Marinus was a Dalmatian stonemason who, by tradition, became a deacon and lived as a hermit on Monte Titano, the rocky height around which the small state of San Marino later grew. The surviving hagiographical accounts of his life were recorded centuries after his lifetime, so much of the detail is preserved as tradition rather than firmly documented history; the earliest manuscripts naming him date only to the 10th century. He is venerated in both the Eastern Orthodox and Roman Catholic churches and is numbered among the pre-schism Western saints.

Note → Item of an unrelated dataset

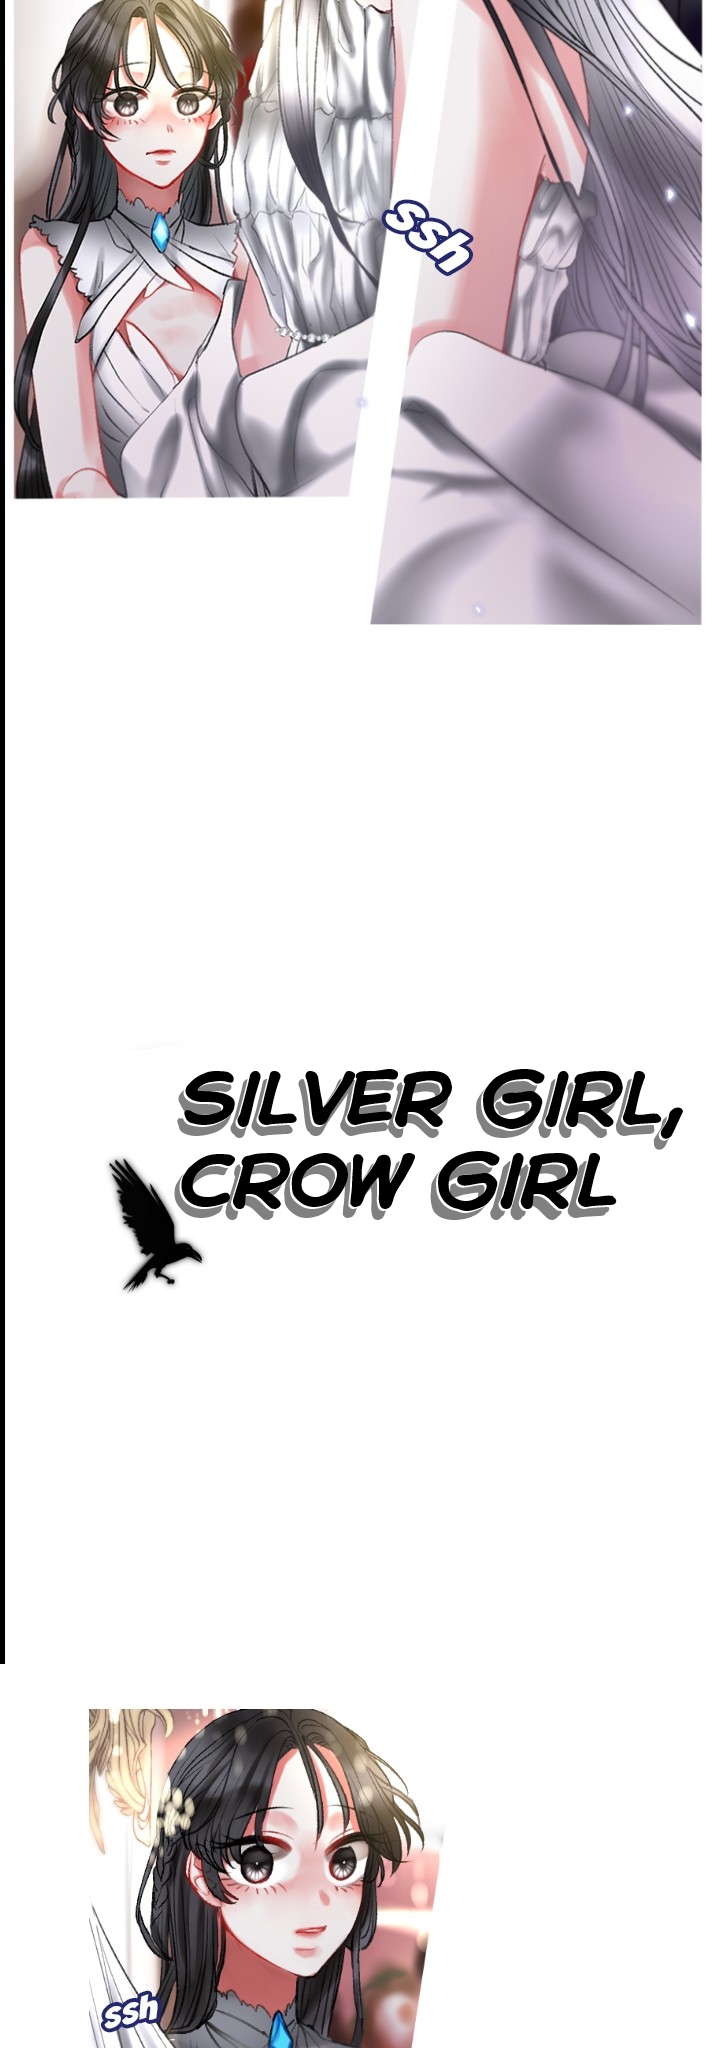 Silver Girl, Crow Girl Ch. 1 Competition at the Debutante Ball

According to these accounts, Marinus came from the island of Arba, the modern Rab off the Dalmatian coast, and worked as a stonemason. He fled the Diocletianic persecution and made his way to the region of Rimini, where he was ordained a deacon by Gaudentius, the bishop of that city. Tradition relates that he afterward withdrew to Monte Titano to live as a hermit, the synaxarion explaining his flight by the story of an unstable woman who accused him of being her estranged husband.

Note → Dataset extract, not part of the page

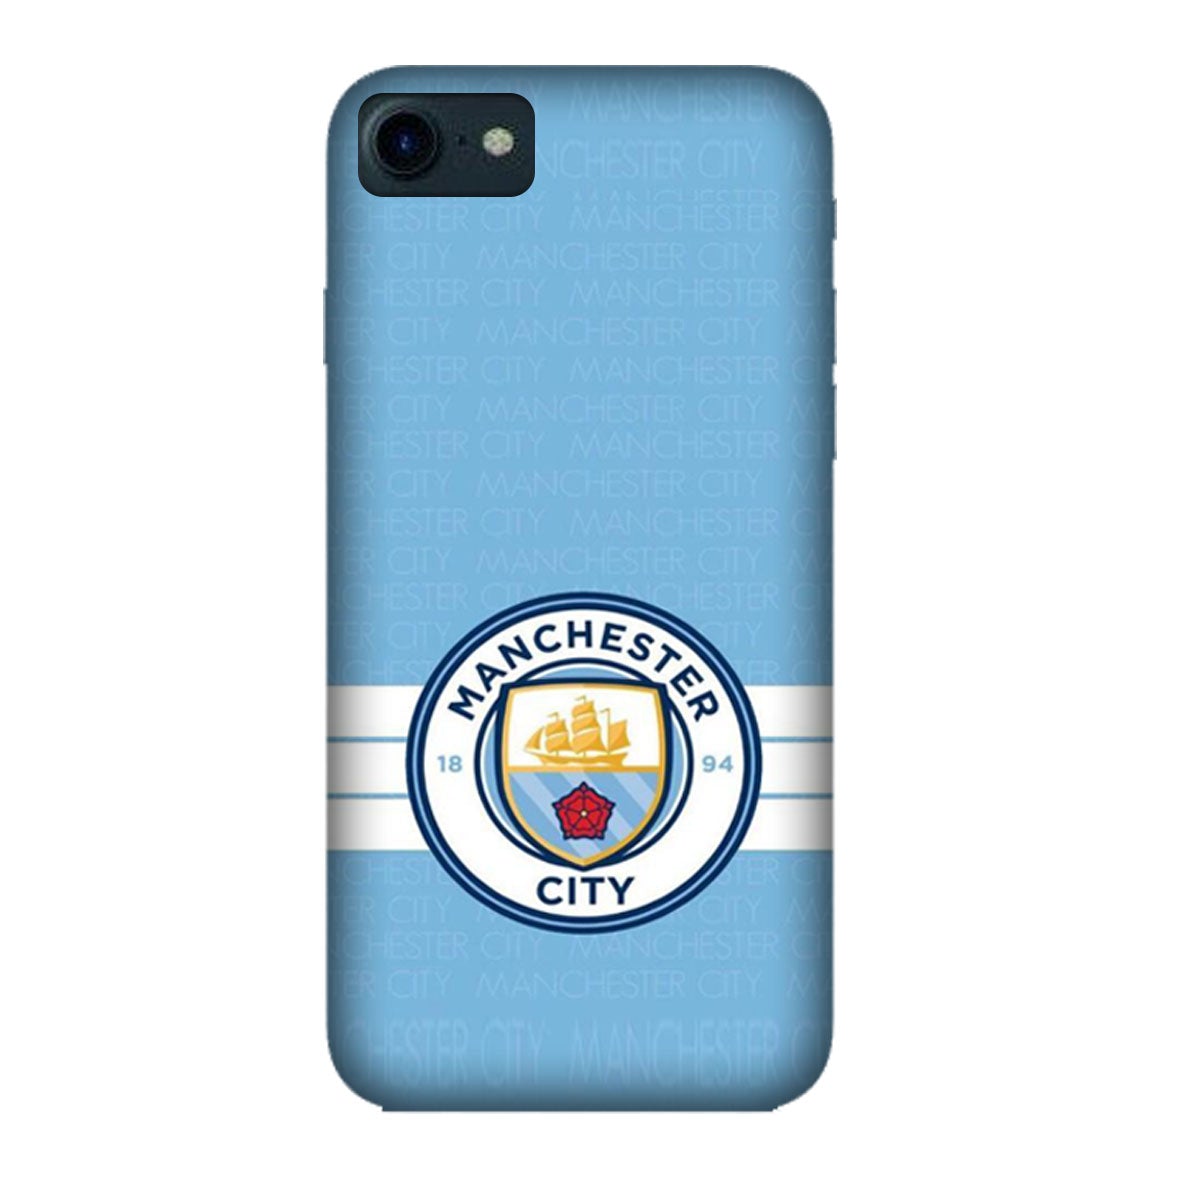 Manchester City - Mobile Phone Cover - Hard Case

On the mountain Marinus established a cell and an oratory, and a community of disciples gathered around him. From this initial settlement the Republic of San Marino traces its origin, conventionally dated to the year 301; Marinus is honored as its founder, and his memory is bound up with the small state's identity. By tradition he died in the winter of about 366. His reputed parting words, 'Relinquo vos liberos ab utroque homine' ('I leave you free from both men'), are remembered as the foundation charter of San Marino's later independence.